REVIEW ON RESOURCE ALLOCATION FOR ENERGY HARVESTING- COGNITIVE RADIO NETWORKS
Main Article Content
The primary purpose of resource allocation (RA) in traditional wireless networks is to maximize the use of the available resources. The most important thing to focus on regarding this environment's significant aspects is efficient resource distribution between primary users (PU) and secondary users (SU). However, these spectrum allocation strategies result in underutilization. Cognitive radio networks (CRNs) have drawn much interest in this respect because of their potential to increase spectrum use.

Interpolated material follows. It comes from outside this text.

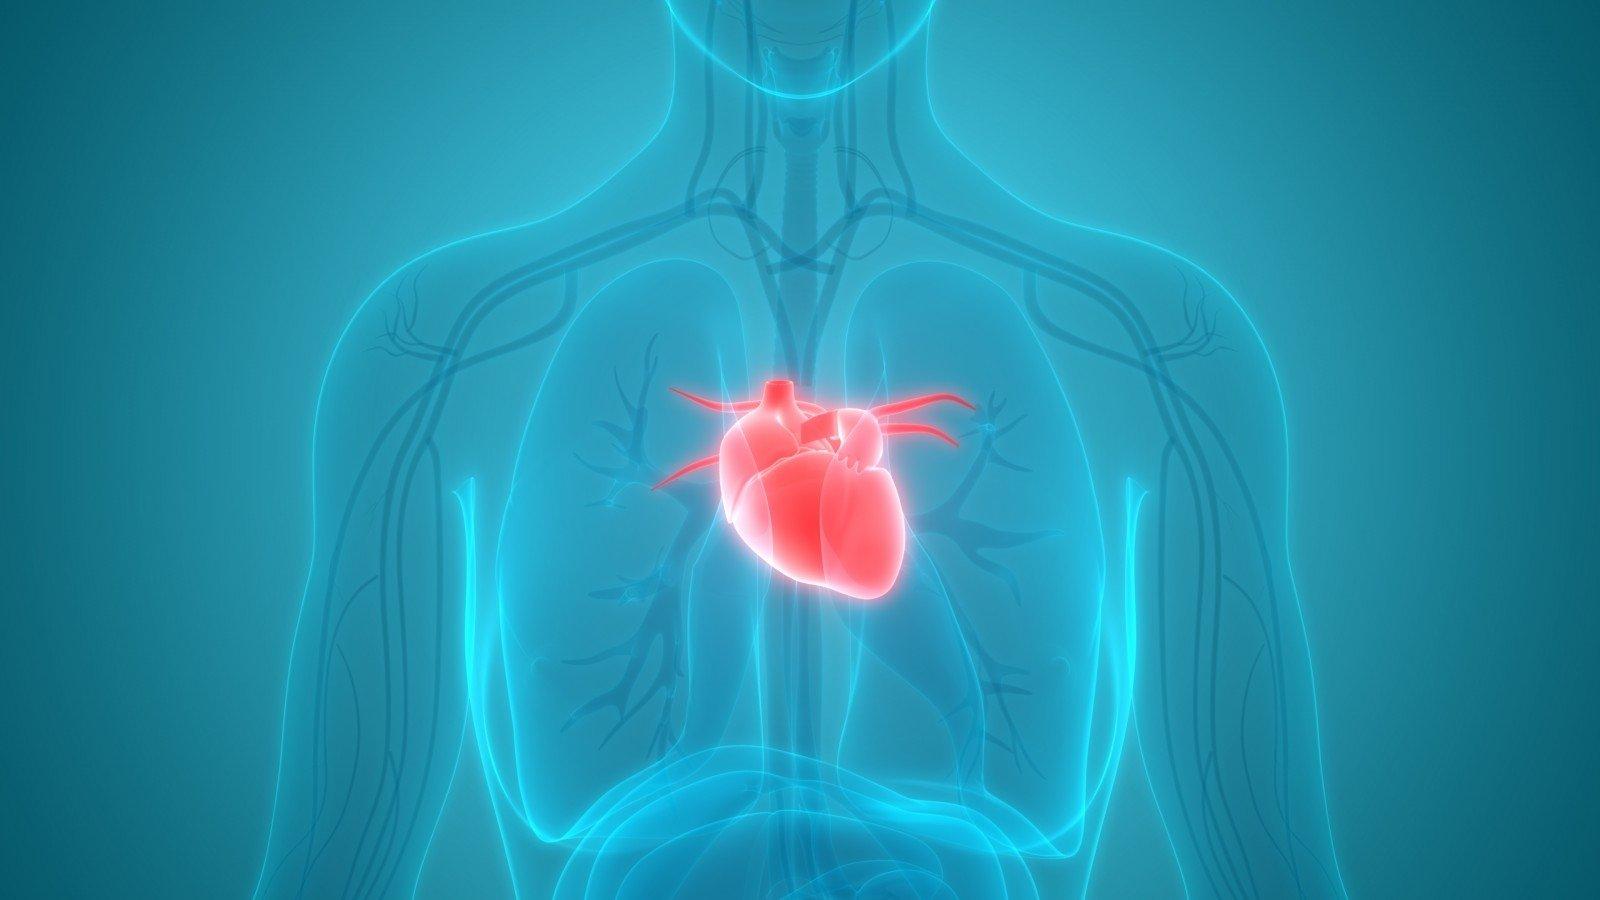 liga sveikata širdies moteris
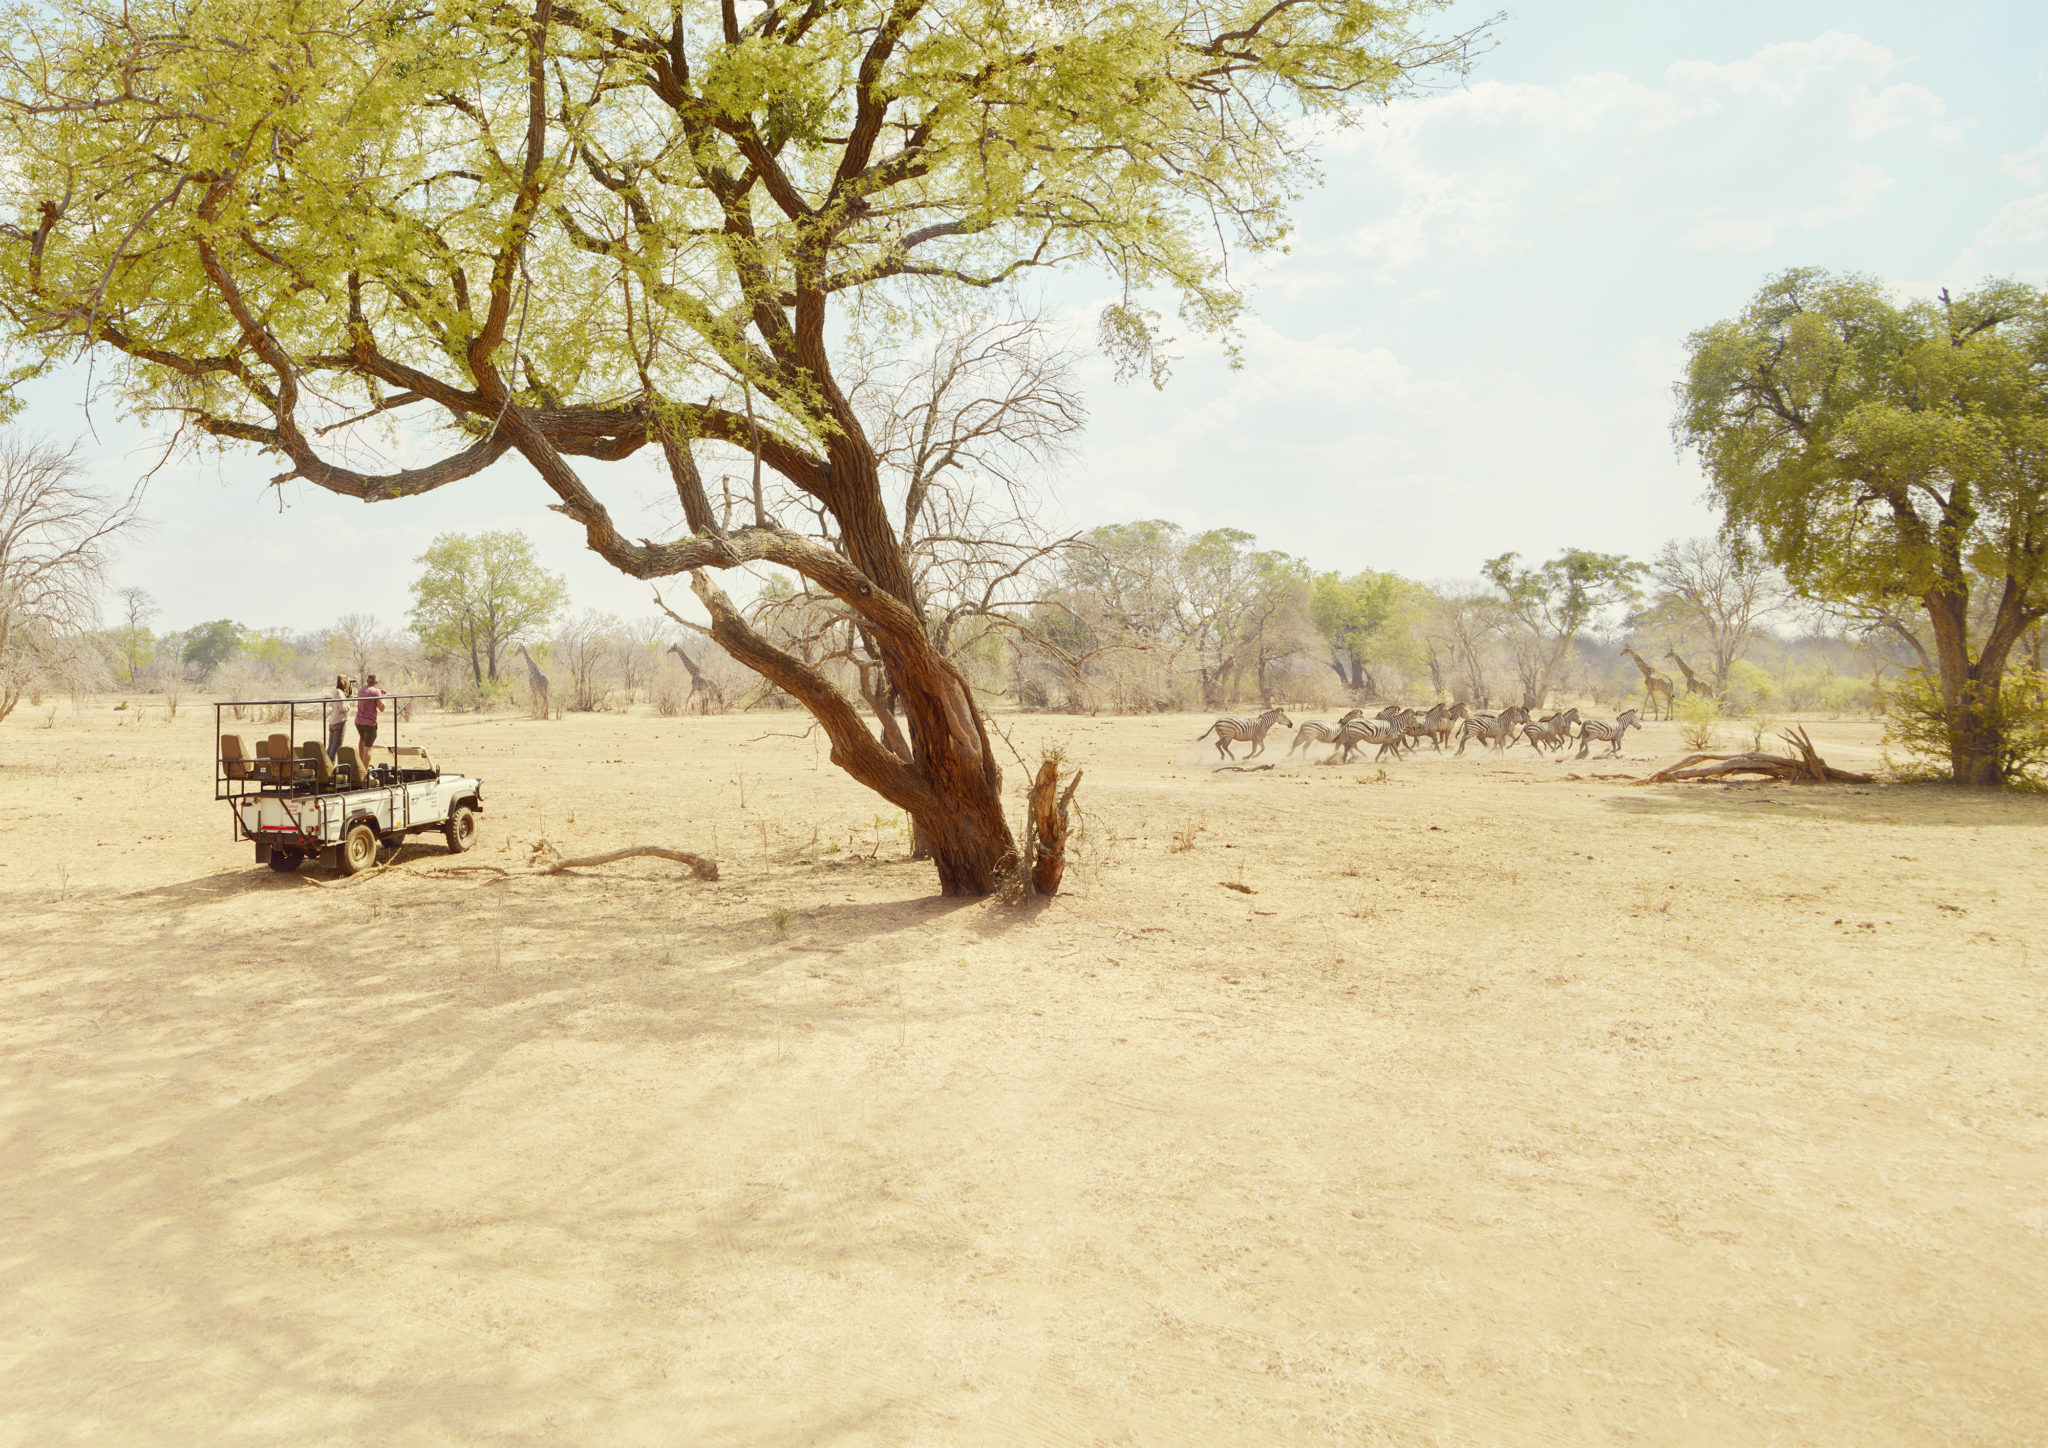 7224_NM_SAGA_Safari_Jeep_r6_Land_crop

Effective spectrum management and resource distribution are generally necessary for CRNs. The SU shares the spectrum by aiding the main transmission when the energy is insufficiently strong to sustain direct communication between two PUs. Spectrum occupancy prediction, also known as channel state prediction, has been integrated into cognitive radio (CR) in recent years to help deal with spectrum resource shortage and boost spectrum usage effectiveness. This work overviews the most recent developments in spectrum resource allocation. Every technology relies heavily on machine learning. Machine learning algorithm train cognitive radio to predict free spectrum. Cognitive radio uses it to forecast open spectrum. Energy harvesting –Cognitive Radio Network (EH-CRN) is a viable way to overcome spectrum shortages and energy usage in wireless.